## Source material
◆ ◆ ◆ ◆ ◆ ◆ ◆

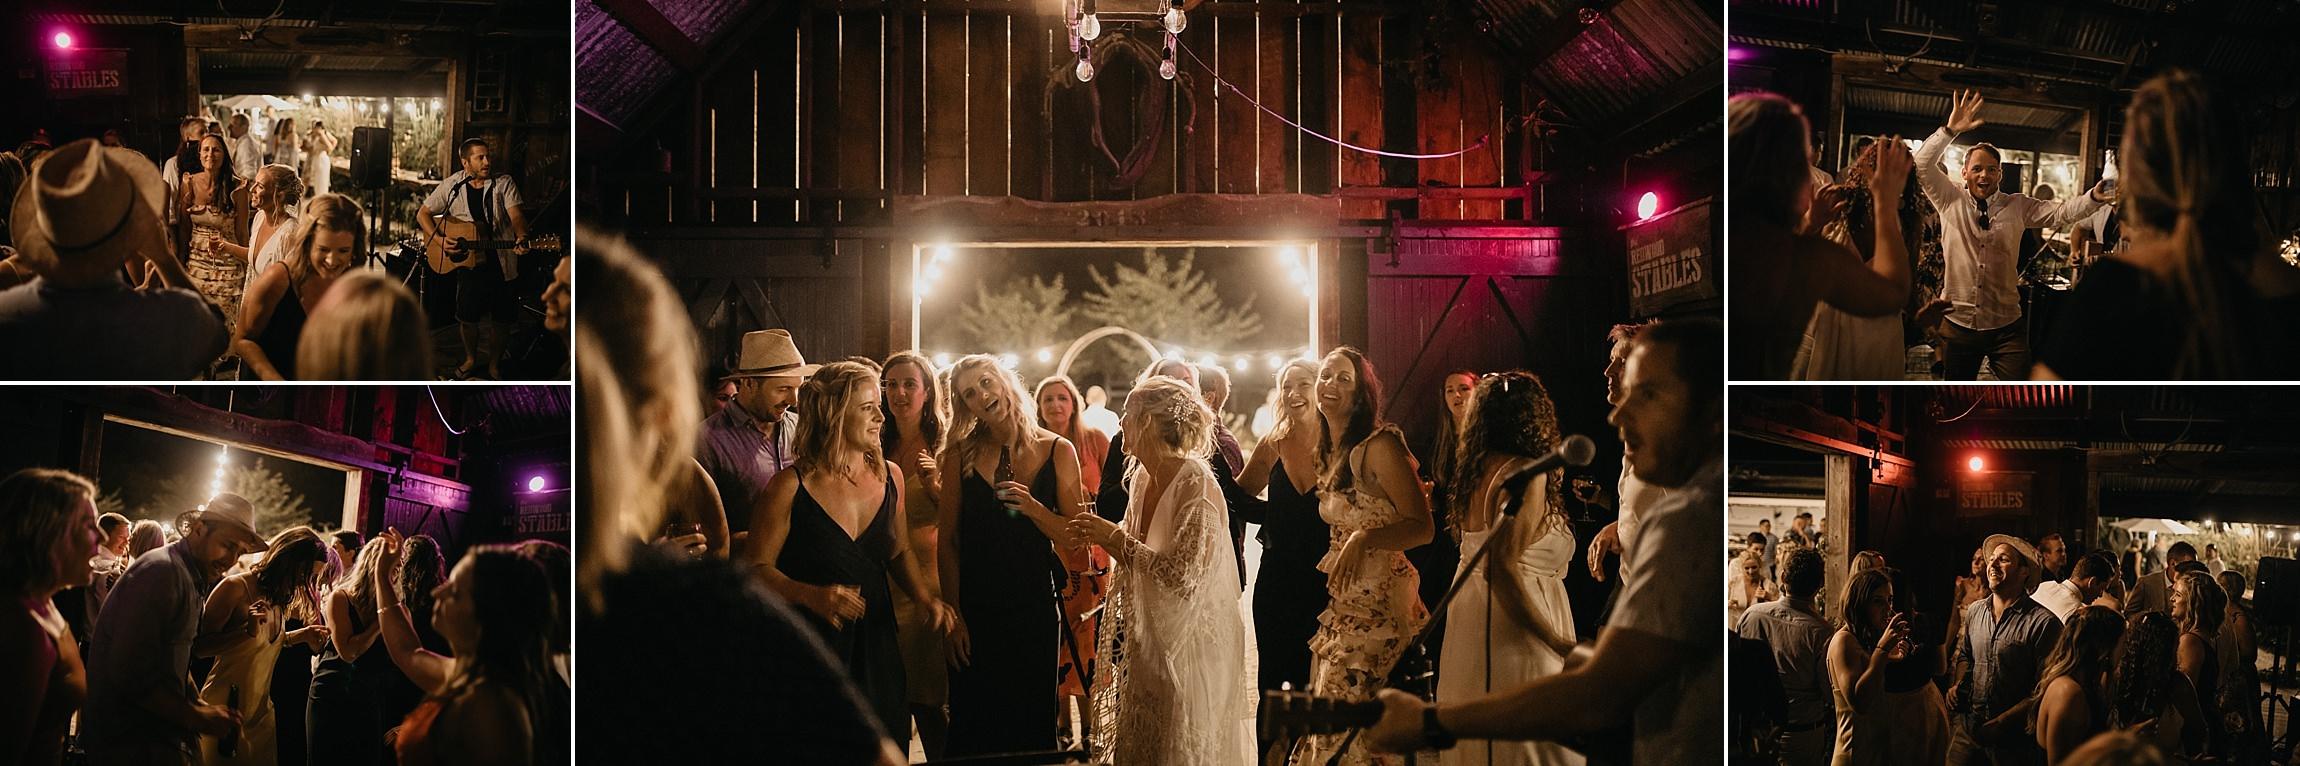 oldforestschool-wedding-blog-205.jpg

◆ ◆ ◆ ◆ ◆ ◆ ◆

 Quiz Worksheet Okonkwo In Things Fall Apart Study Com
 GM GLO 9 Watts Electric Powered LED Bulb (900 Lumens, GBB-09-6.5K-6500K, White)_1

◆ ◆ ◆ ◆ ◆ ◆ ◆

## Task item
Please give an exact copy of the lines above, beginning with the line containing "Quiz Worksheet Okonkwo" and running through the line containing "GM GLO 9 Watts", and of no other lines.

## Expected answer
 Quiz Worksheet Okonkwo In Things Fall Apart Study Com
 GM GLO 9 Watts Electric Powered LED Bulb (900 Lumens, GBB-09-6.5K-6500K, White)_1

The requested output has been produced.